3.     Financial metrics such as Maintenance Cost and Service Fees are incorporated.

4.     Equipment health is represented using Condition Index and Remaining Life.

5.     The dataset intentionally introduces multiple data quality errors.

6.     Examples include negative maintenance cost and missing usage hours.

7.     Invalid percentages greater than 100% were deliberately inserted.

8.     SAS DATA step programming was used to build the dataset.

9.     Character cleaning functions such as STRIP and TRIM were applied.

10.  Formatting improvements were performed using PROPCASE, UPCASE, and LOWCASE.

11.  Numeric functions were used to derive metrics like cost per hour.

12.  Date calculations were performed using MDY, INTCK, and INTNX.

13.  A fraud detection macro was implemented to identify abnormal maintenance costs.

14.  Equipment utilization was categorized as LOW, MEDIUM, or HIGH.

15.  PROC TRANSPOSE was used to restructure maintenance variables.

16.  Multiple datasets were combined using SET, MERGE, and APPEND.

17.  Incorrect values were corrected using conditional logic in DATA steps.

18.  Temporary datasets were cleaned using PROC DATASETS DELETE.

19.  The final dataset supports maintenance analytics and fraud detection.

20.  The completed project demonstrates advanced SAS data engineering techniques used in real industrial analytics environments.

Project Summary

This project demonstrates how SAS programming can be used to manage and analyze industrial equipment maintenance data while detecting and correcting data quality issues.

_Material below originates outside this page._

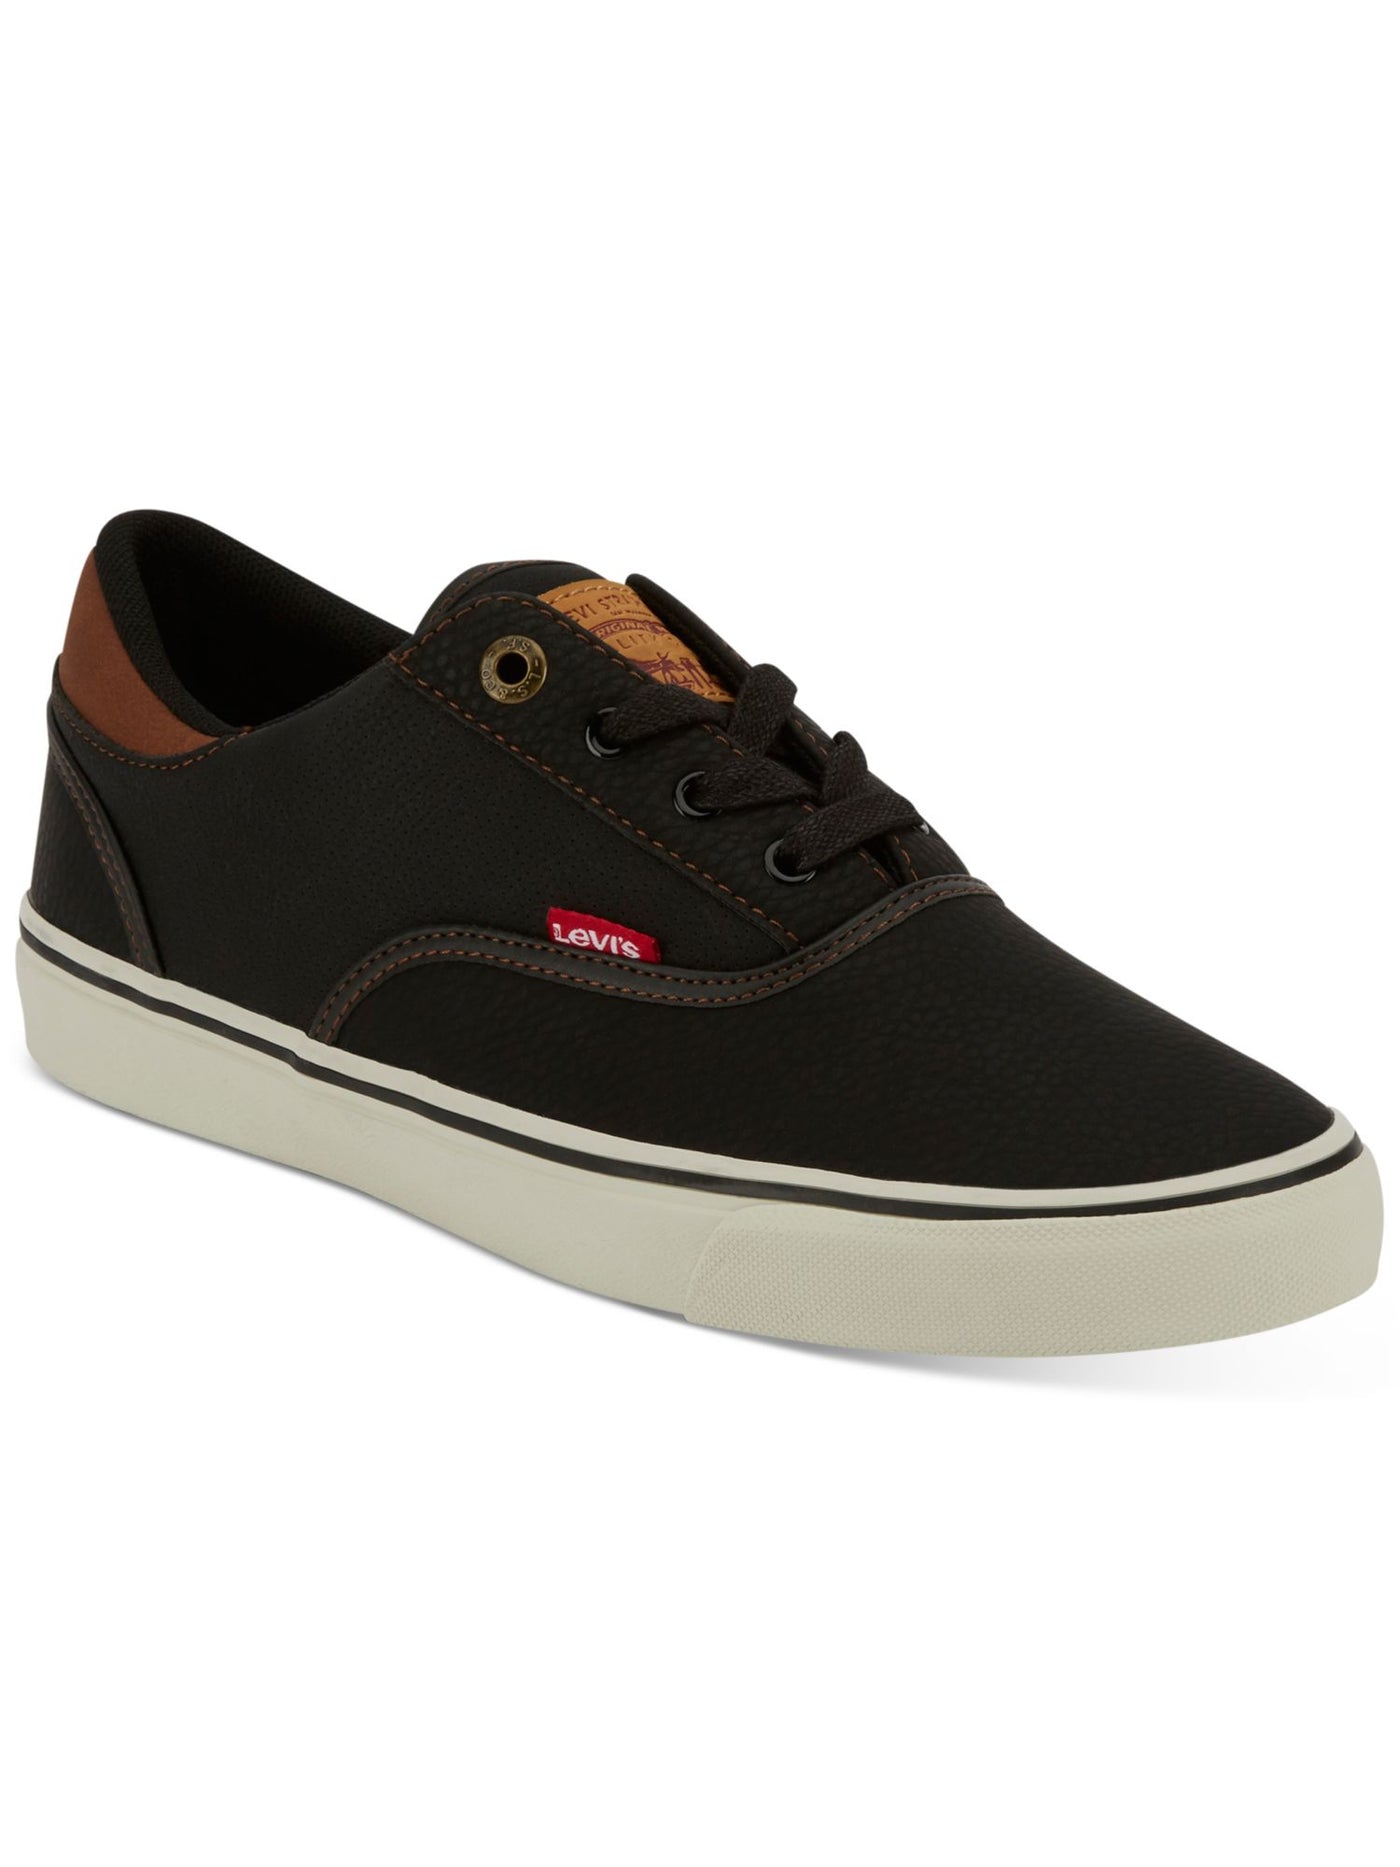 LEVI'S Mens Black Cushioned Comfort Ethan Round Toe Lace-Up Sneakers Shoes 13

A simulated dataset was created containing variables such as Equipment_ID, Usage_Hours, Failure_Count, Maintenance_Cost, Downtime_Hours, Condition_Index, Remaining_Life, Percentage, Fees, and Maintenance_Date. Several intentional errors were introduced into the dataset, including negative maintenance costs, missing usage hours, invalid percentages greater than 100, and suspiciously high maintenance expenses. These errors represent common real-world data issues encountered in industrial maintenance analytics.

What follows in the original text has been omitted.